Anomalous out-of-phase magnetic ac response in superconducting wires

Abstract

We describe and explain two competing regimes of ac magnetic response in current-carrying type-II superconducting wires which were observed experimentally. In the usual regime, voltage $V(t)$, induced by vortex motion across the wire, is ``in phase'' with the external magnetic field $H(t)\ensuremath{\propto}sin(\ensuremath{\omega}t)$. However, as frequency $\ensuremath{\omega}$ grows up or transport current $I$ decreases, an anomalous, ``out-of-phase'' peak in $V(t)$ appears.
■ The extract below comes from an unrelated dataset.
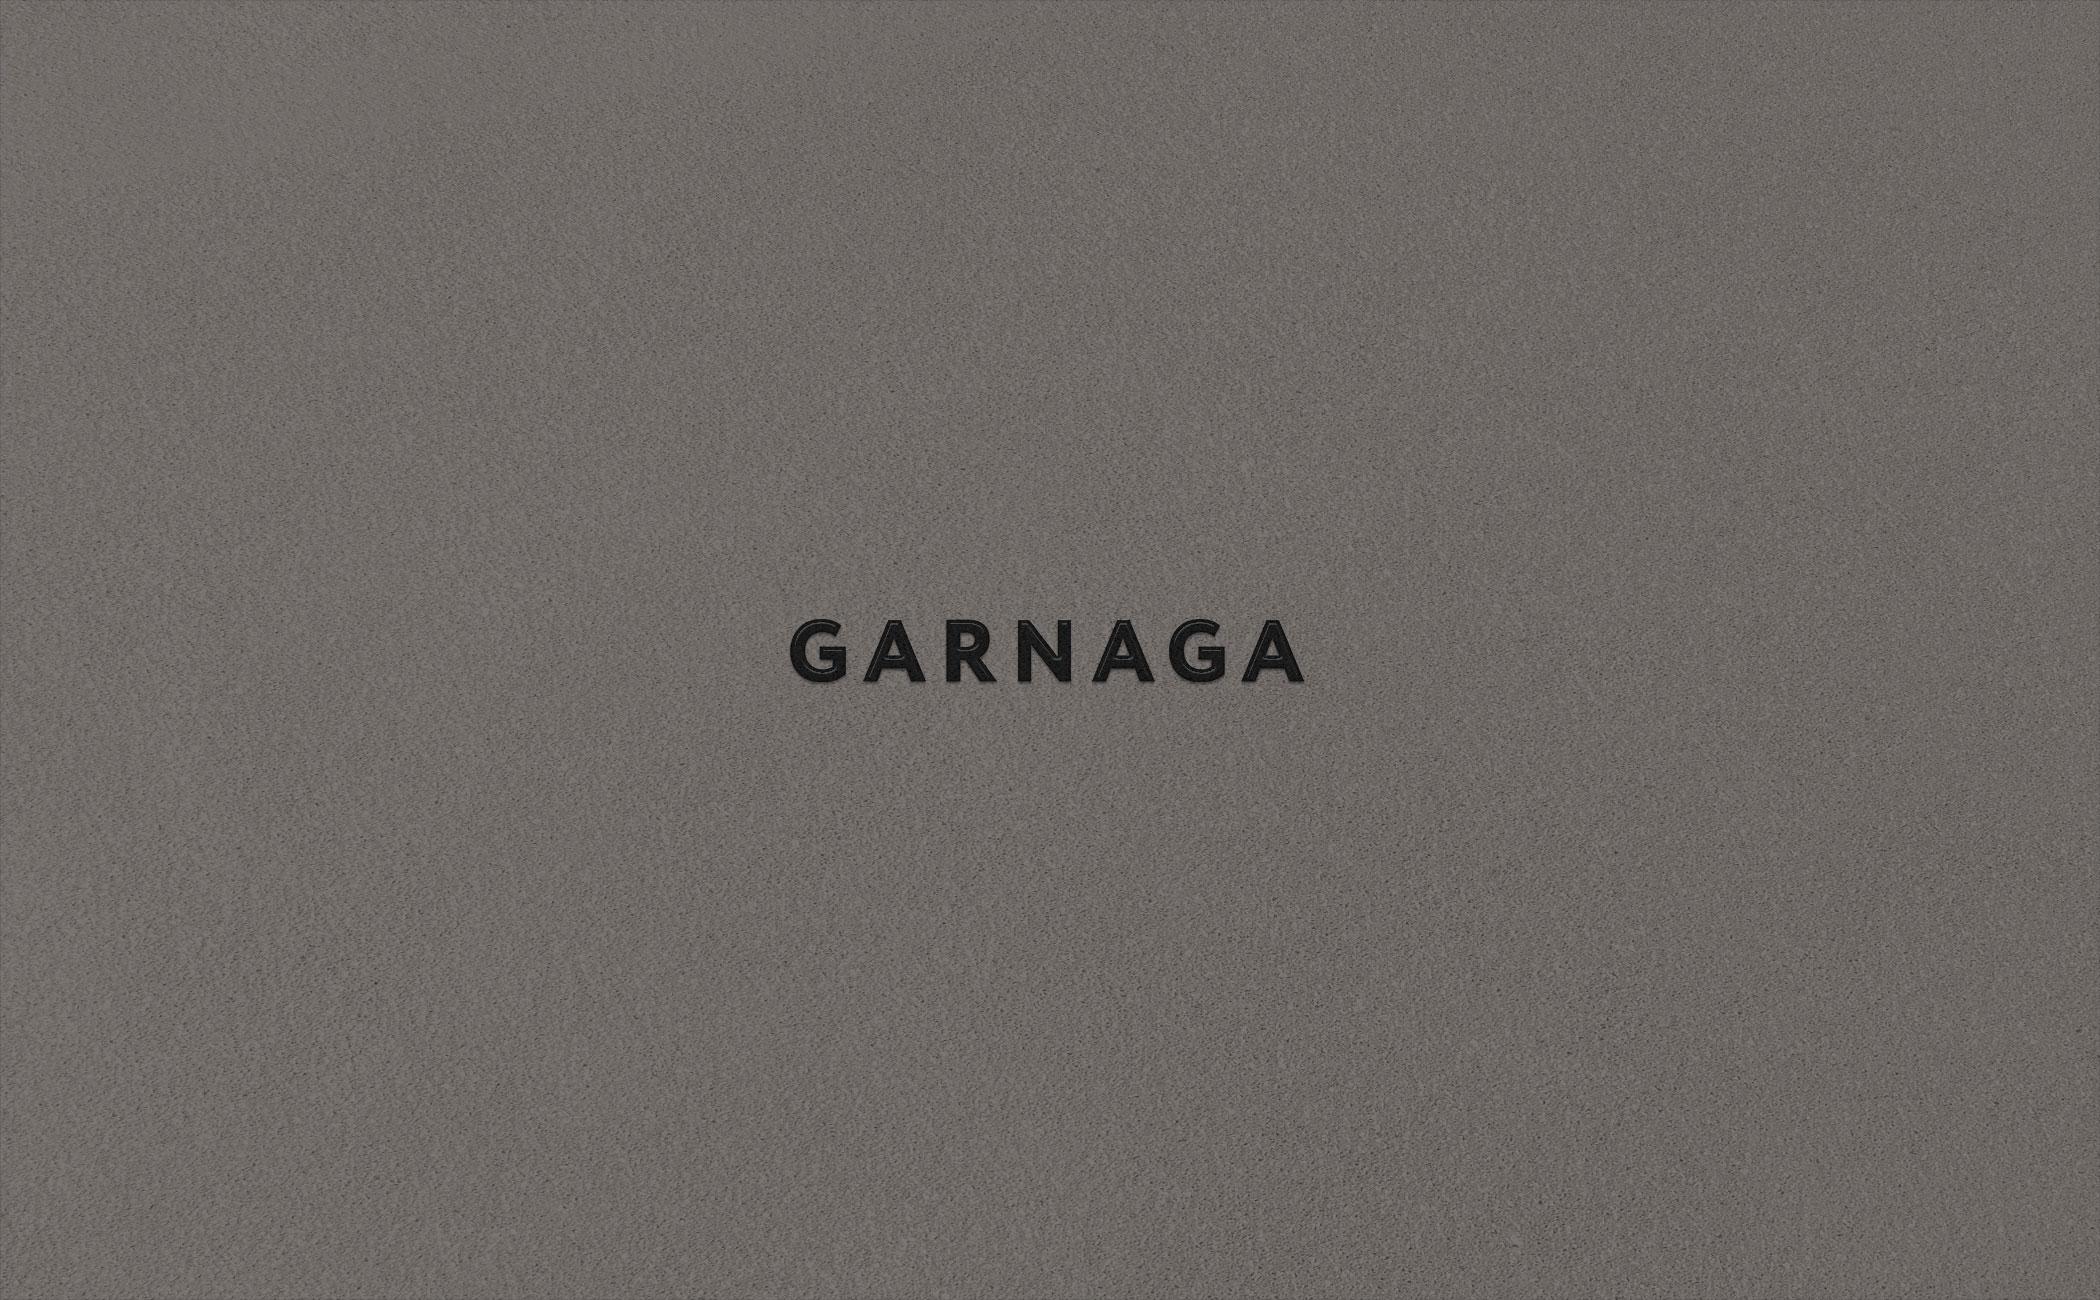 Garnaga_preview_01

If these two regimes coexist, then two peaks in voltage are observed per half period of $H(t)$ in both experiment and numerical simulations. At certain combinations of $\ensuremath{\omega}, I$ and the amplitude of the external field, the out-of-phase mechanism even overwhelms the usual, in-phase one. It is shown that the out-of-phase maximum in $V(t)$ is due to the inhibition effect of zero-field (annihilation) lines on flux motion. Such lines, if present in the sample, significantly decelerate magnetic relaxation and dramatically affect the induced voltage. A phase diagram enabling one to distinguish between the in-phase and out-of-phase regimes is constructed.